Tsinghua Unigroup Ltd, China’s top state chip manufacturer, revealed plans on Thursday to build a US$30 billion memory chip factory as the government seeks to boost local production capacity.

The firm is targeting a monthly capacity of 100,000 wafers in phase one of the development which will cost US$10 billion and is located in Nanjing.

In a statement on its website, Tsinghua Unigroup said the project is part of China’s efforts to build a world-leading chip industry, and it hopes it will create a siphoning effect to attract more development.

Tsinghua Unigroup announced plans for a separate US$24 billion chip factory based in the Chinese city of Wuhan in March last year.

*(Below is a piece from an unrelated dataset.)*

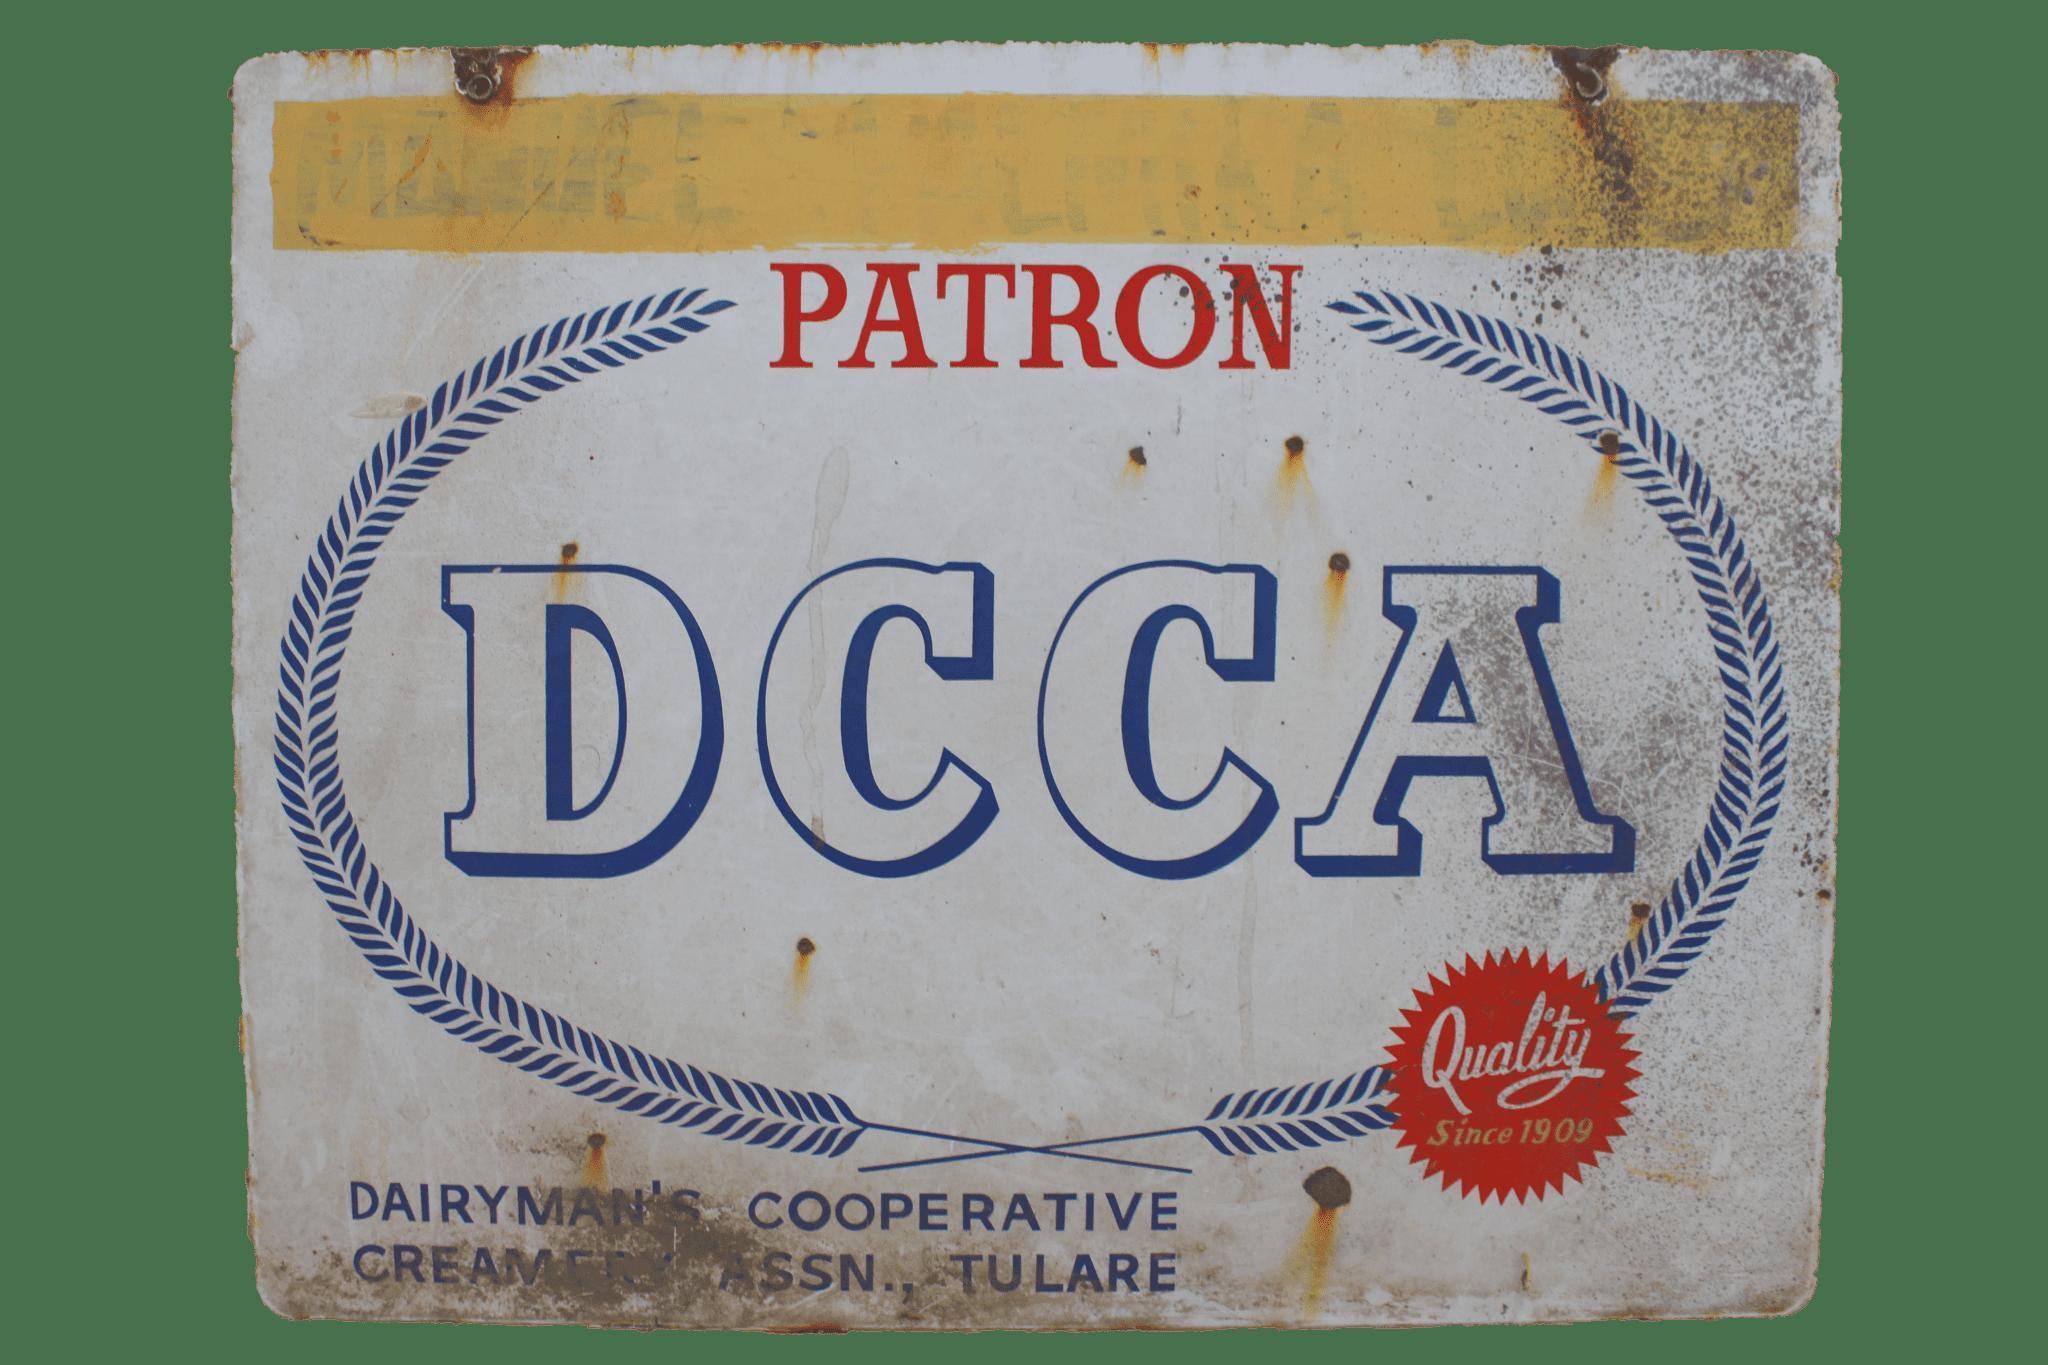 Craig Hartman's grandfather's DCCA Patron recognition

The development comes as Chinese memory chip firms face increasing regulatory resistance to acquiring overseas technology.

In December US President Barack Obama issued an executive order barring the acquisition of the US business of German semiconductor equipment maker Aixtron by a Chinese-backed chip fund over security concerns.

Last year, Chinese chip makers withdrew a record volume of overseas deals.

In 2015, Tsinghua Unigroup tried unsuccessfully to acquire US chip group Micron Technology.

Tsinghua’s new plant will produce DRAM and 3D-NAND flash chips which are used in a range of devices including smartphones and personal computers.

The firm also announced it would invest roughly another 30 billion yuan (US$4.37 billion) in building an “international city” facility including apartments and international schools for foreign employees.